** DATA SHOWN **

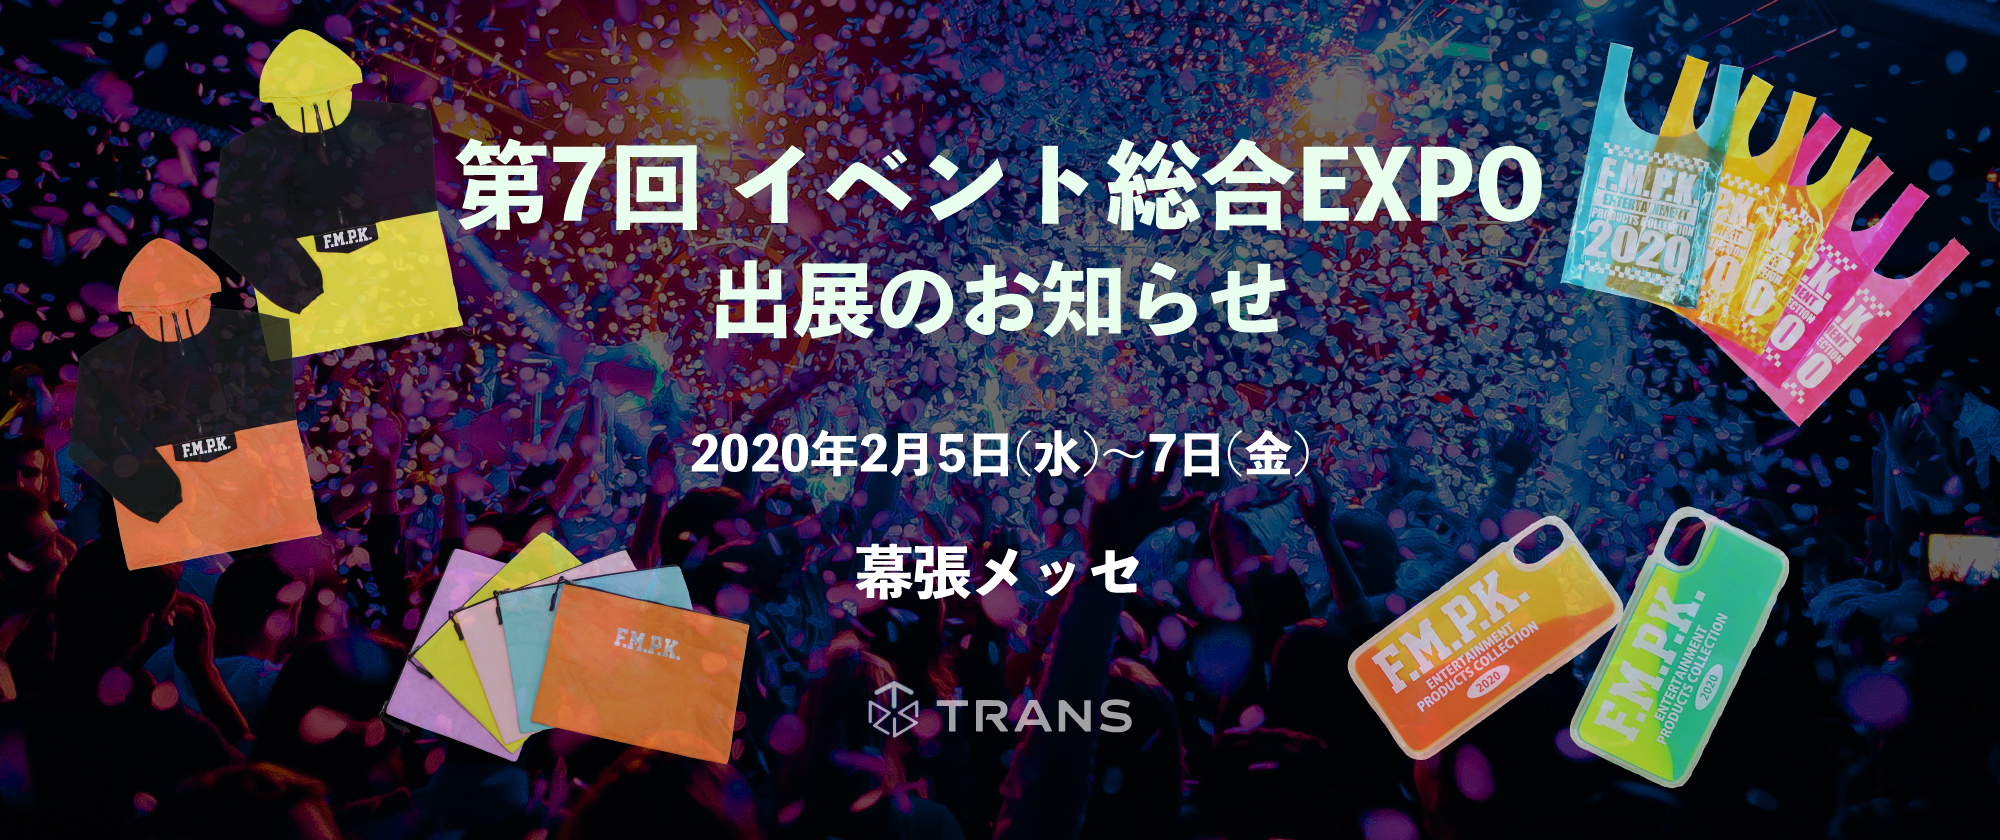 第7回 イベント総合EXPO 出展のお知らせ
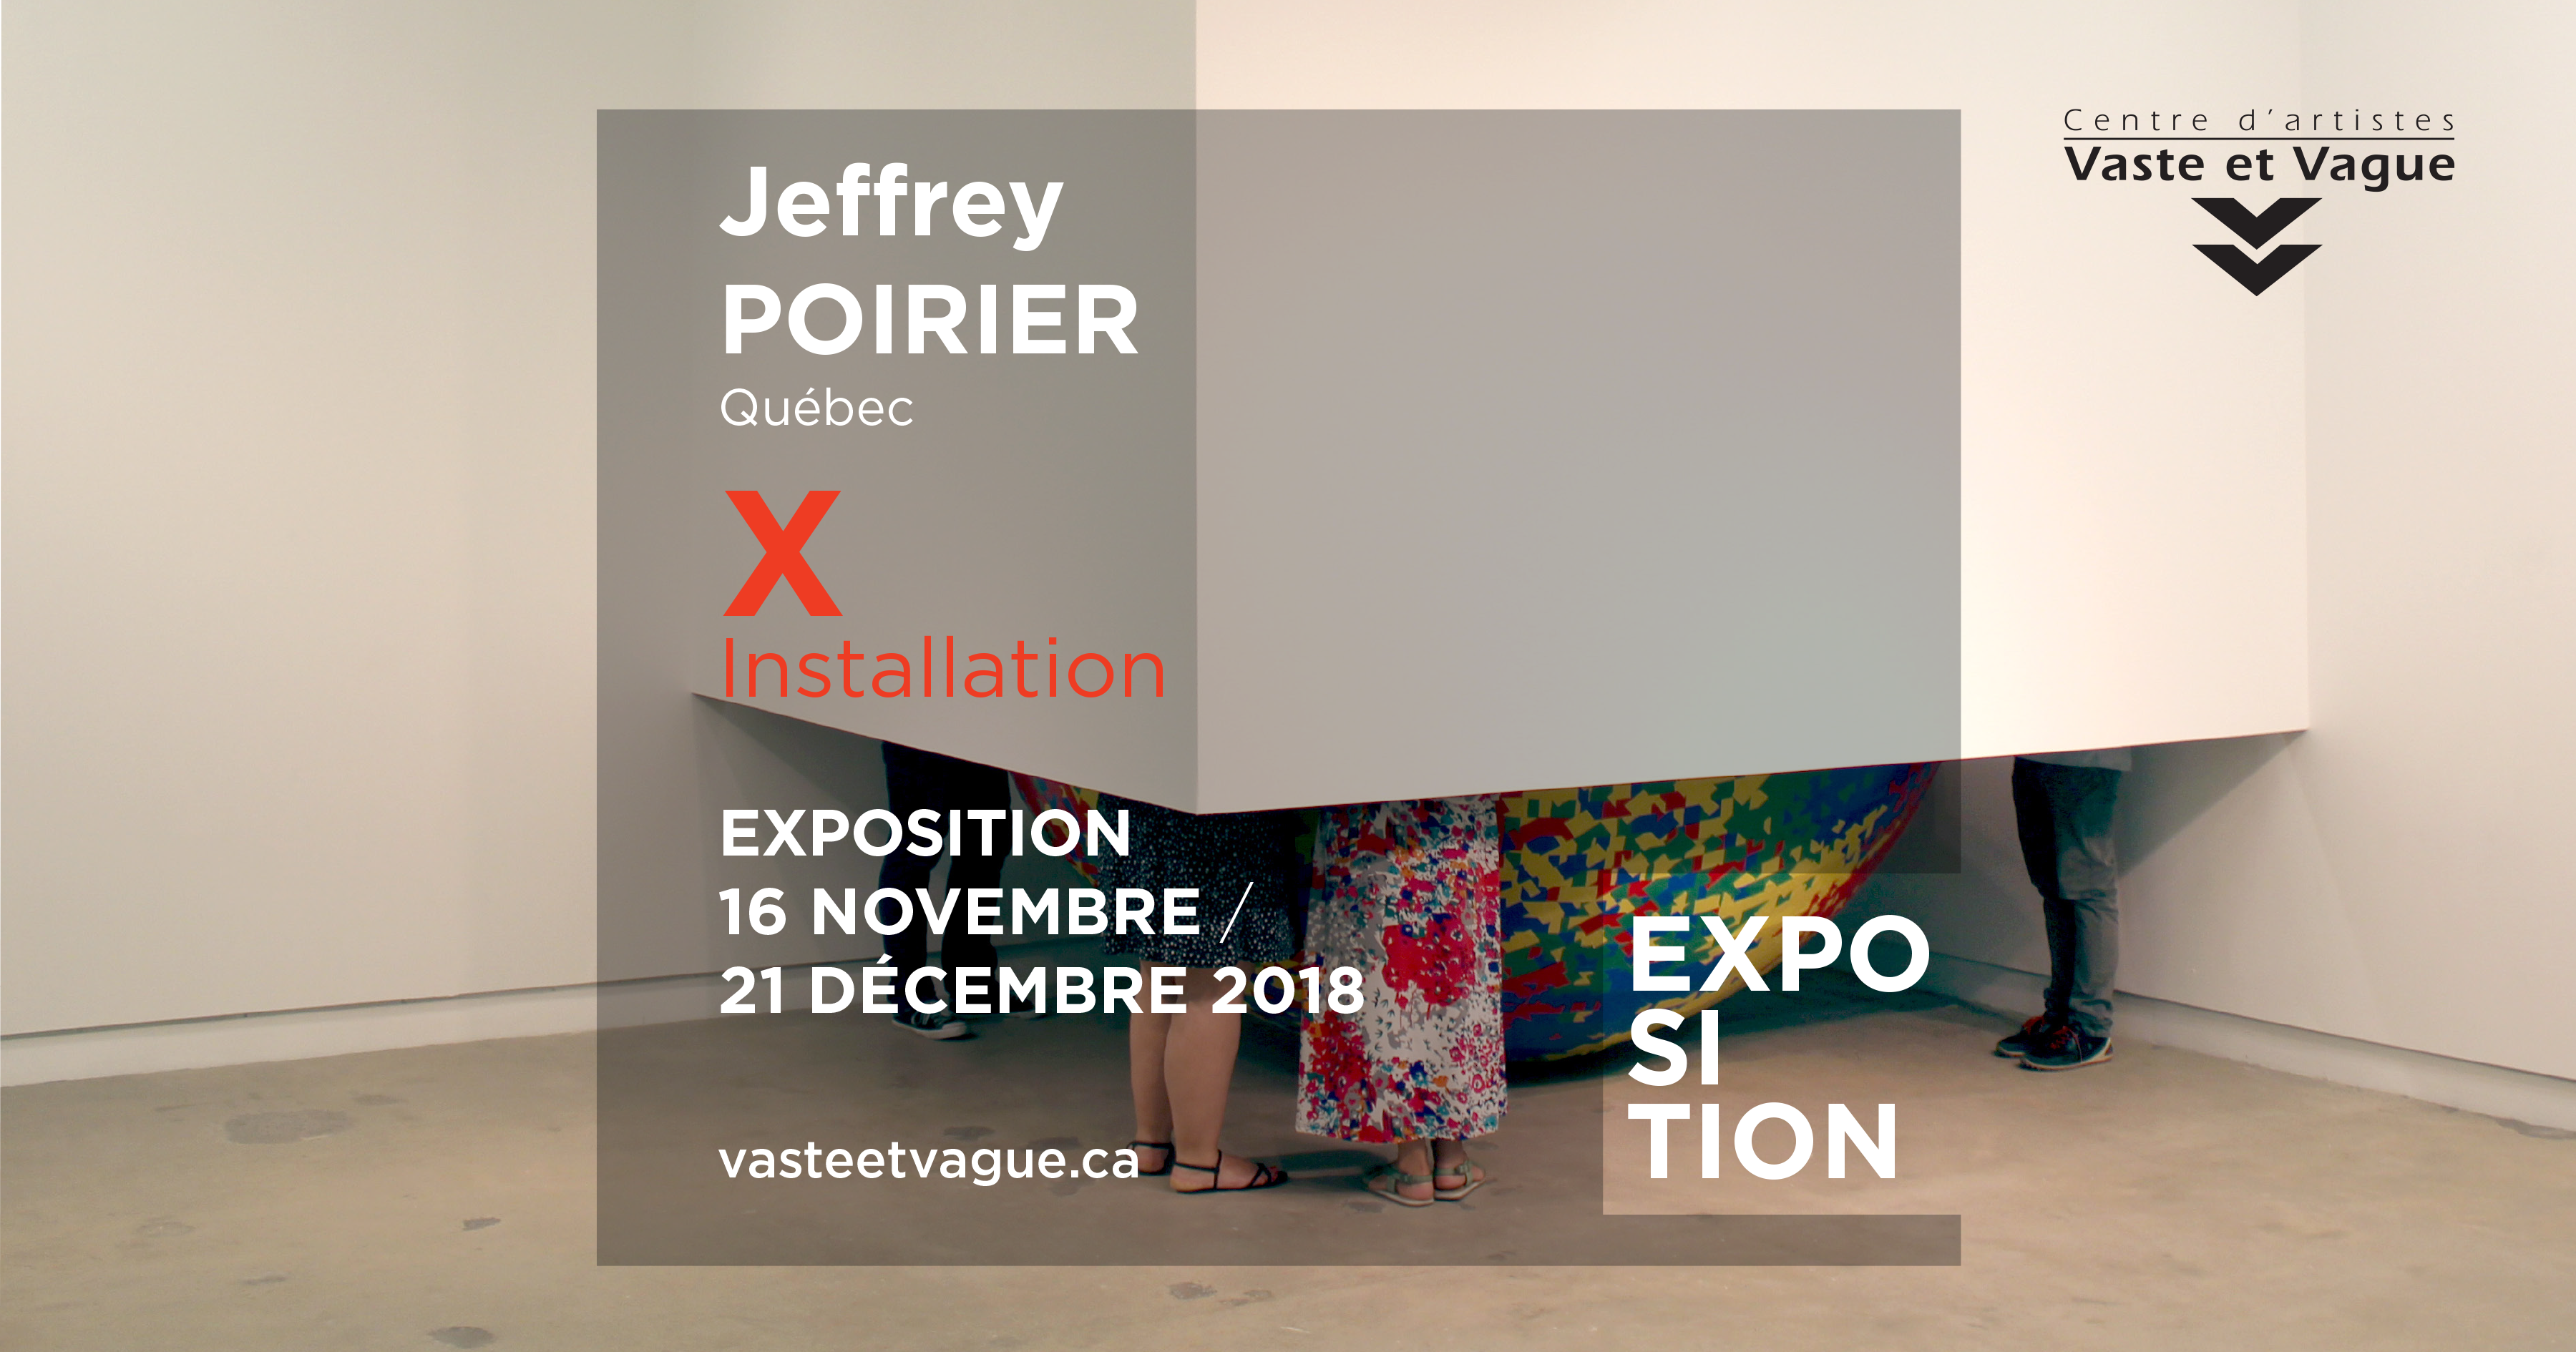 Jeffrey POIRIER, Québec | X | Installation | Centre d'artistes Vaste et Vague
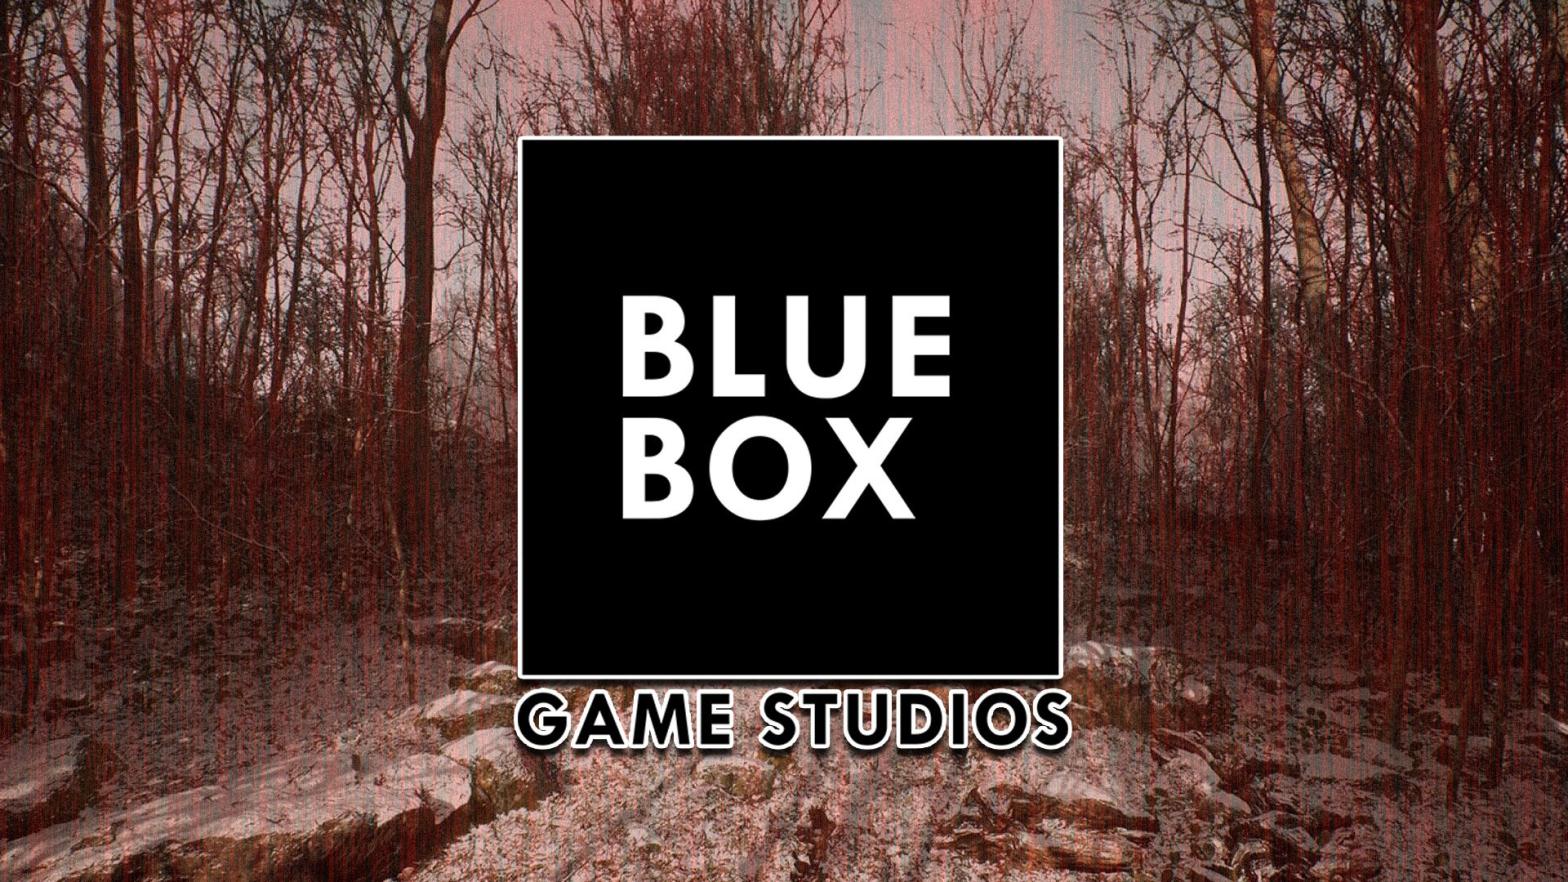 Image: Blue Box Game Studios / Kotaku

** PROBLEM STATEMENT **
Pictures are not part of the copy; retype all the other material exactly.

** RESPONSE TO THIS TASK **
 第7回 イベント総合EXPO 出展のお知らせ
 Jeffrey POIRIER, Québec | X | Installation | Centre d'artistes Vaste et Vague
 Image: Blue Box Game Studios / Kotaku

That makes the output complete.